Install all modules in the recon relative path:

marketplace install recon

To use a module, run modules load <module name>, enter any prerequisite information such as domain name or CIDR IP address ranges and type run. Once the module is loaded, you can type info to see what information is required. This works great if you only need to run one or two modules. The real power of using Recon-NG comes in when you script out the commands. We typically like to start a script with the following commands.

#Logs all Recon-NG Output
spool start <absolute_filepath>/recon-ng.log
#Creates a workspace to store results separate from other workspaces
workspaces create <target_name>
workspaces load <target_name>
#Sets a timeout for requests, sets DNS server to Google, and sets user agent to whatever you choose
options set TIMEOUT 30
options set NAMESERVER 8.8.8.8
options set USER-AGENT <user-agent>
#Insert domains for the target with the domain name on the line after the command and a blank line after the domain name.

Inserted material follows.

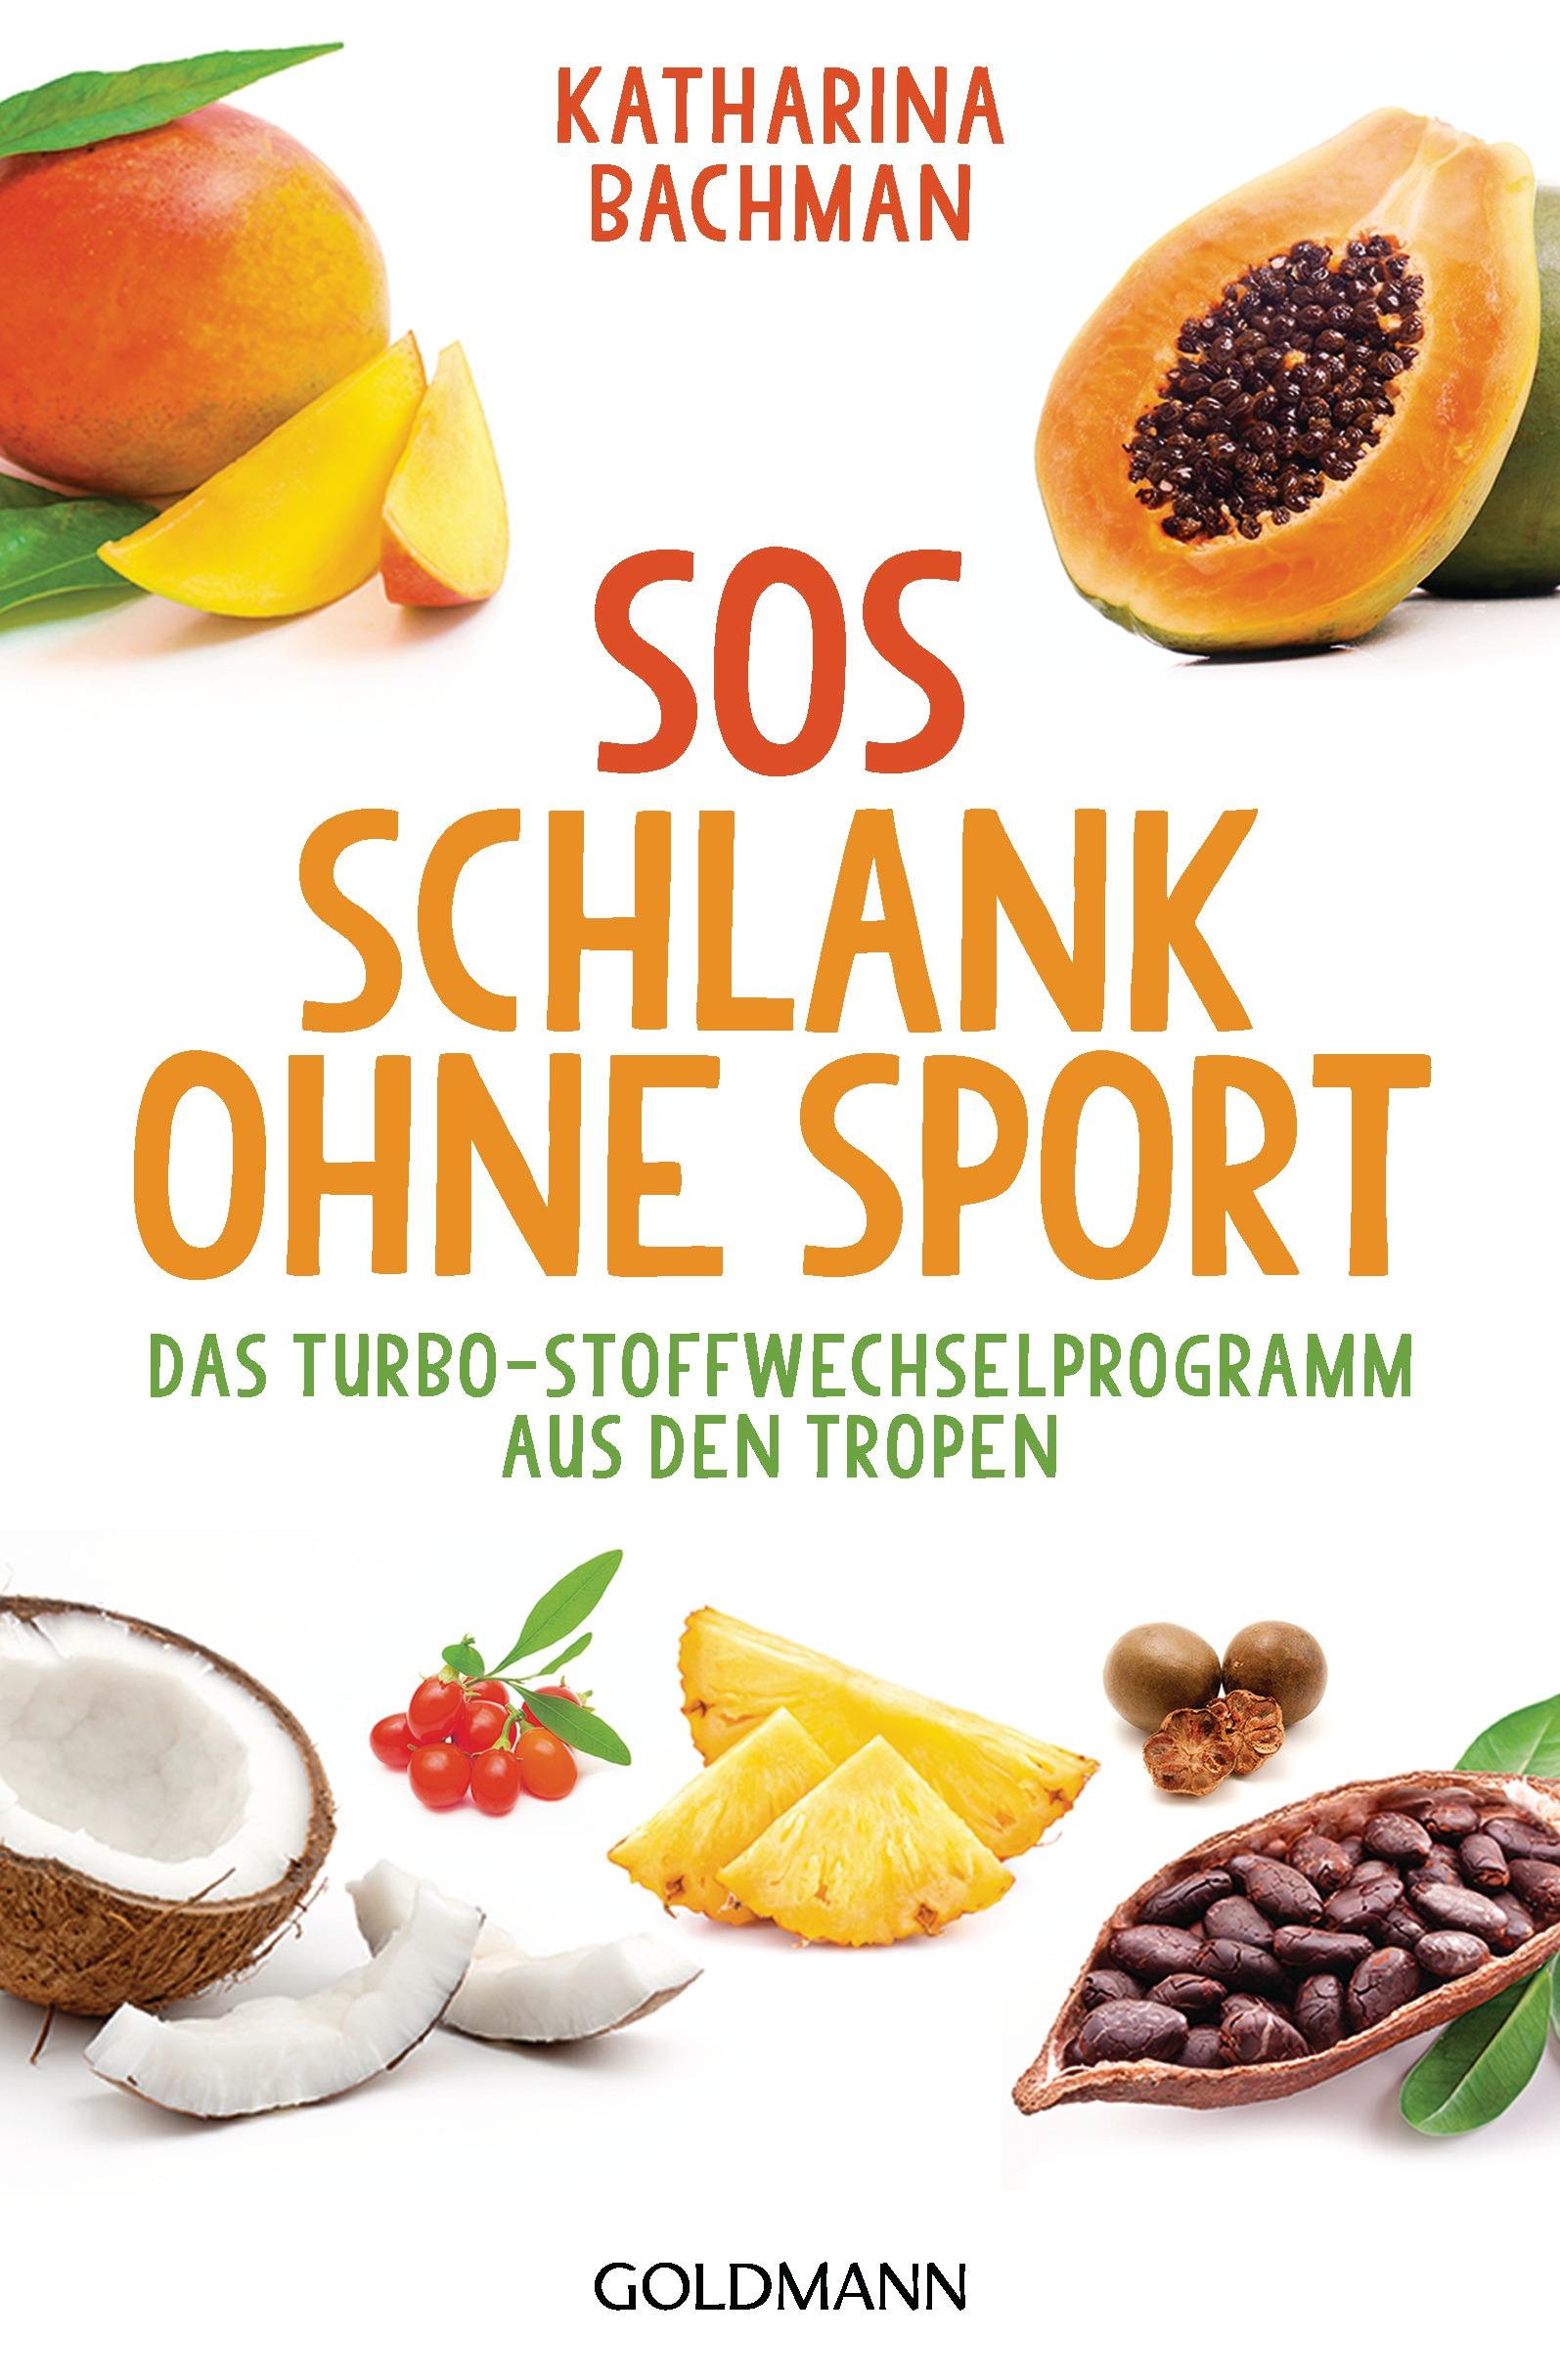 SOS Schlank ohne Sport: Das Turbo-Stoffwechselprogramm aus den Tropen - Katharina Bachman

This can be repeated for each domain name you have.
db insert domains
<domain name>
<intentionally blank line>
#Insert full company name with a blank line after the name
db insert companies
<company name>
<intentionally blank line>
#Insert netblocks one per line
db insert netblocks
<netblock CIDR IP range>
<intentionally blank line>

Once all of those options are set, its just a matter of putting in a line for each module that you want to run as modules load <module name> followed by run on the next line. Each module will need to be listed on a separate line. Also, the modules will need to be listed in the order they should be executed. For example, you’ll need to do subdomain enumeration before trying to pull information about the hosts with Shodan or gathering email addresses before attempting to verify them. The final section of the script we like to add is reporting. You can get a summary of all the OSINT gathered by having the following line at the end of your script.

#Loads the Excel spreadsheet export module and creates a report at the file path given.
modules load reporting/xlsx
options set FILENAME <absolute_filepath>/recon-results.xlsx
run

Conclusion

Today, we covered three great tools for performing OSINT. While there is a lot of overlap in the results they will provide, each tool covers additional ground from the others giving a more complete picture. In the next and final installment of this series, we will cover some recon methods that interact with the target while masking the source of the scan as well as unintended information disclosures that can help with password spraying and social engineering attempts.